How can i get working mgr nodes to take over while i try to fix node 3?

BTW node 1 & 2 have been upgraded fine from 3.1.0 to 3.3.0. Node 3 is down while node 4 is still on 3.1.0.

Can you help?

You should not have to configure any ips yourself.  /etc/network/interfaces should only contain the management ip, it is set by the installer, the remaining ip configuration should be handled by PetaSAN during its startup. What is output of following

/opt/petasan/scripts/detect-interfaces.sh
ip addr

cat /etc/network/interfaces
cat /opt/petasan/config/cluster_info.json
cat /opt/petasan/config/node_info.json
cat /etc/udev/rules.d/70-persistent-net.rules

 

 

/OPT/PETASAN/SCRIPTS/DETECT-INTERFACES.SH

device=eth0,mac=1c:34:da:53:d9:a0,pci=3b:00.0,model=Mellanox Technologies MT27710 Family [ConnectX-4 Lx],path=ens3f0np0
device=eth1,mac=1c:34:da:53:d9:a1,pci=3b:00.1,model=Mellanox Technologies MT27710 Family [ConnectX-4 Lx],path=ens3f1np1

ip add

1: lo: <LOOPBACK,UP,LOWER_UP> mtu 65536 qdisc noqueue state UNKNOWN group default qlen 1000
link/loopback 00:00:00:00:00:00 brd 00:00:00:00:00:00
inet 127.0.0.1/8 scope host lo
valid_lft forever preferred_lft forever
inet6 ::1/128 scope host
valid_lft forever preferred_lft forever
2: eth0: <BROADCAST,MULTICAST,UP,LOWER_UP> mtu 1500 qdisc mq state UP group default qlen 1000
link/ether 1c:34:da:53:d9:a0 brd ff:ff:ff:ff:ff:ff
altname enp59s0f0np0
inet 10.8.93.20/24 brd 10.8.93.255 scope global eth0
valid_lft forever preferred_lft forever
inet6 fe80::1e34:daff:fe53:d9a0/64 scope link
valid_lft forever preferred_lft forever
3: eth1: <BROADCAST,MULTICAST> mtu 1500 qdisc noop state DOWN group default qlen 1000
link/ether 1c:34:da:53:d9:a1 brd ff:ff:ff:ff:ff:ff
altname enp59s0f1np1

CAT /ETC/NETWORK/INTERFACES
auto eth0
iface eth0 inet static
address 10.8.93.20
netmask 255.255.255.0
gateway 10.8.93.250
# up route add -net 10.8.0.0 netmask 255.255.0.0 gw 10.8.93.250
dns-nameservers 10.8.100.75

cat /opt/petasan/config/cluster_info.json
{
"backend_1_base_ip": "",
"backend_1_eth_name": "",
"backend_1_mask": "",
"backend_1_vlan_id": "",
"backend_2_base_ip": "",
"backend_2_eth_name": "",
"backend_2_mask": "",
"backend_2_vlan_id": "",
"bonds": [],
"default_pool": [],
"default_pool_pgs": "",
"default_pool_replicas": "",
"eth_count": 0,
"jf_mtu_size": "",
"jumbo_frames": [],
"management_eth_name": "",
"management_nodes": [],
"name": "a",
"storage_engine": "bluestore",
"writecache_writeback_inflight_mb": ""

 

There is no : CAT /OPT/PETASAN/CONFIG/NODE_INFO.JSON

 

cat /etc/udev/rules.d/70-persistent-net.rules

# ADDED BY PETASAN, DO NOT MODIFY : DEFAULT_NAME=ens3f0np0, ASSIGNED_NAME=eth0
# ADDED BY PETASAN, DO NOT MODIFY : DEFAULT_NAME=ens3f1np1, ASSIGNED_NAME=eth1

SUBSYSTEM=="net", ACTION=="add", DRIVERS=="?*", ATTR{address}=="1c:34:da:53:d9:a0", ATTR{type}=="1", NAME="eth0"
SUBSYSTEM=="net", ACTION=="add", DRIVERS=="?*", ATTR{address}=="1c:34:da:53:d9:a1", ATTR{type}=="1", NAME="eth1"root@dev-psan-3:~#

 

Looking at same file on another host i can see OPT/PETASAN/CONFIG/NODE_INFO.JSON available and cluster_info.json also populated. Should i copy these files to this node and adjust or is there a way auto generate them?

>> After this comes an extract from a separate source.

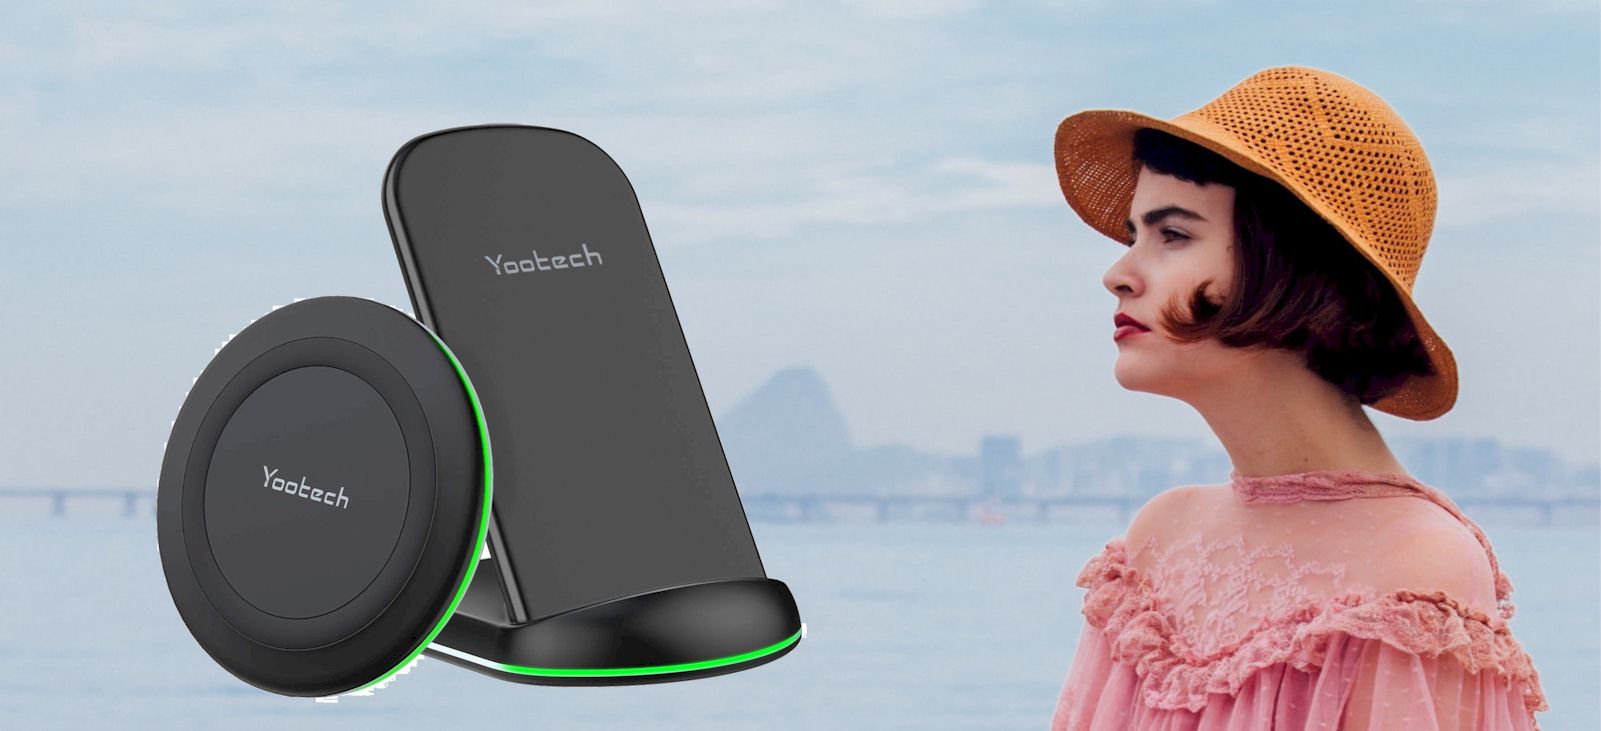 yootech wireless charger blinking green
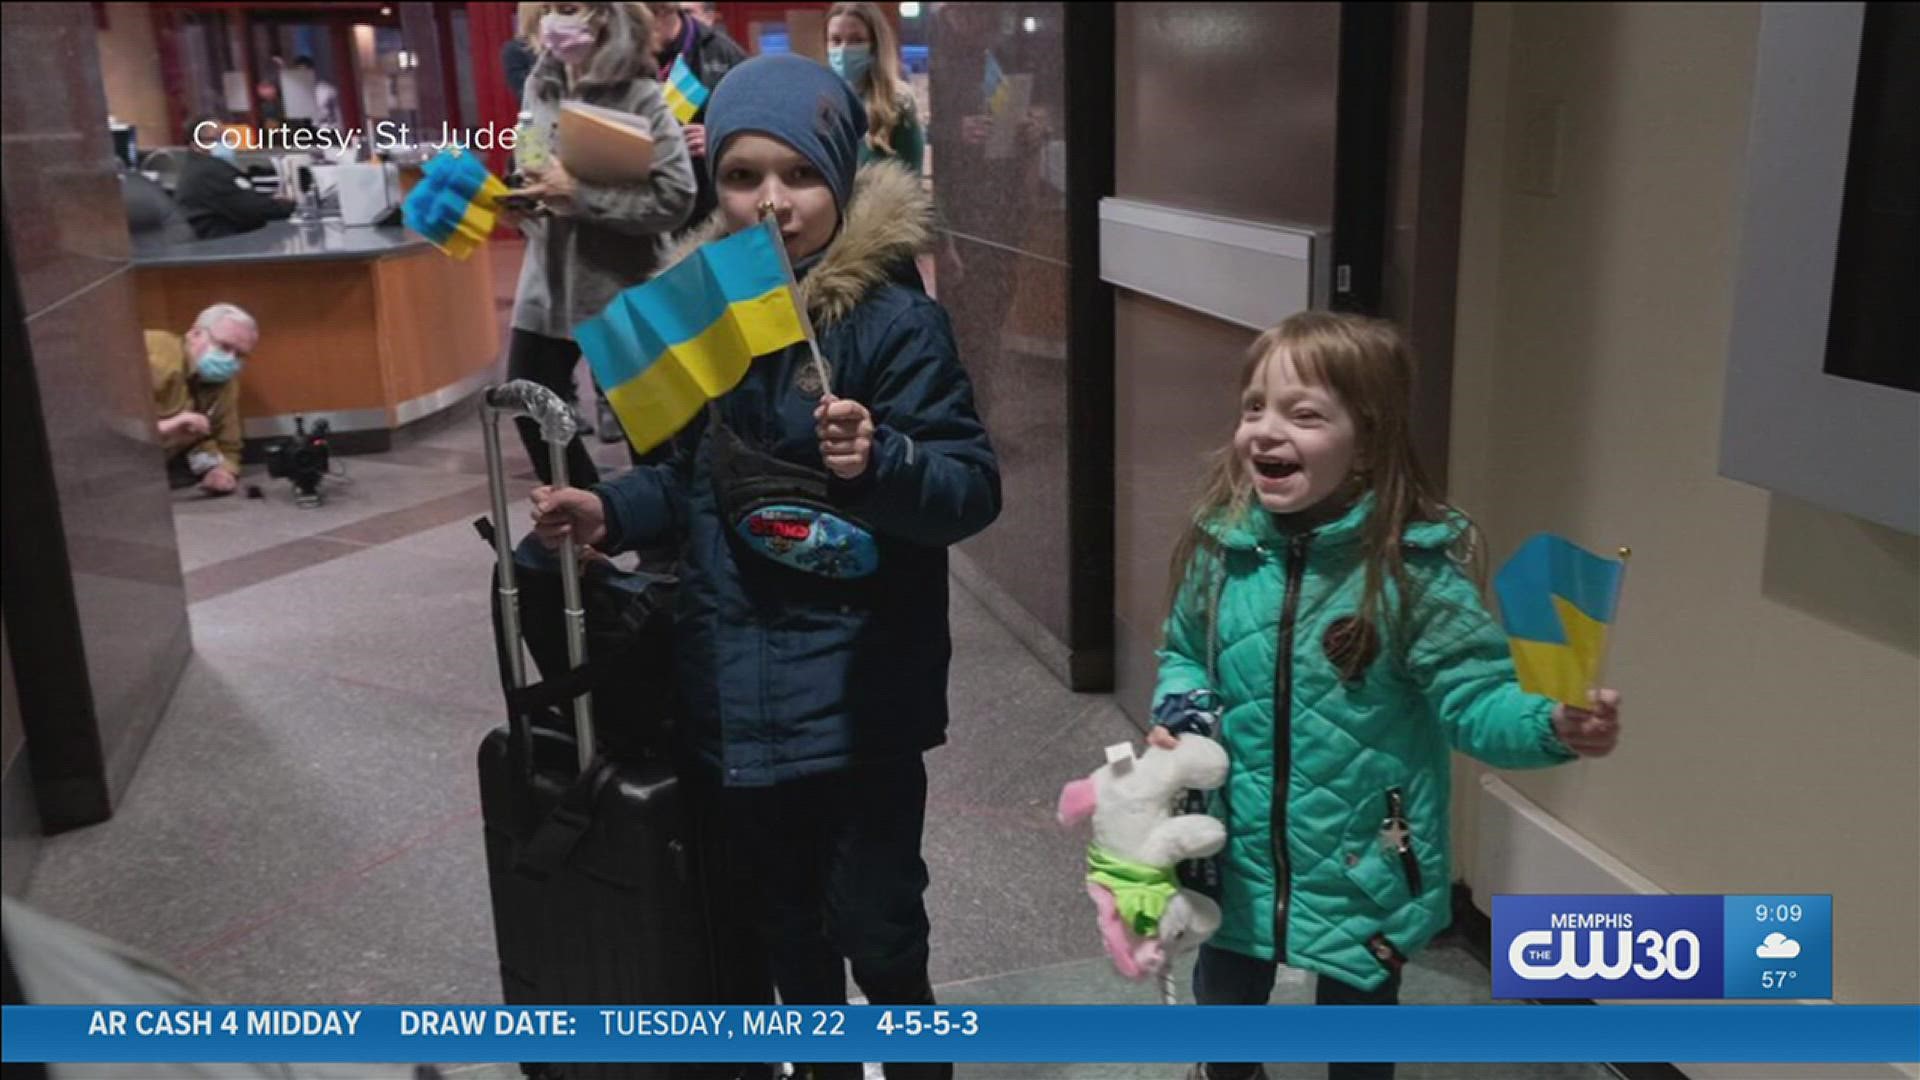 According to St. Jude, they're the first hospital in the U.S. to receive patients from Ukraine.

There should be a cluster_info.json and node_info.json. You can copy from other nodes and adjust node_info.json with correct backend ip. Make sure you /etc/network/interfaces has the correct management ip as setup during installation. Do not modify the files/ips yourself.

You need to reboot node for the files to take effect. The files are not autogenerated at tun time, they are needed to bring up the network and connect node to cluster, the ips/interfaces of services are autogenerated but not the backend as you need to connect to cluster.

The root cause of why the files were empty/missing should be looked into. It probably happened before you did the upgrade but showed up after you booted.

Thanks, i copied the node and cluster.json files from a working node and adjusted on the corrupted node 3. Restarted and now the. node is back into play. Now repairing some PGs.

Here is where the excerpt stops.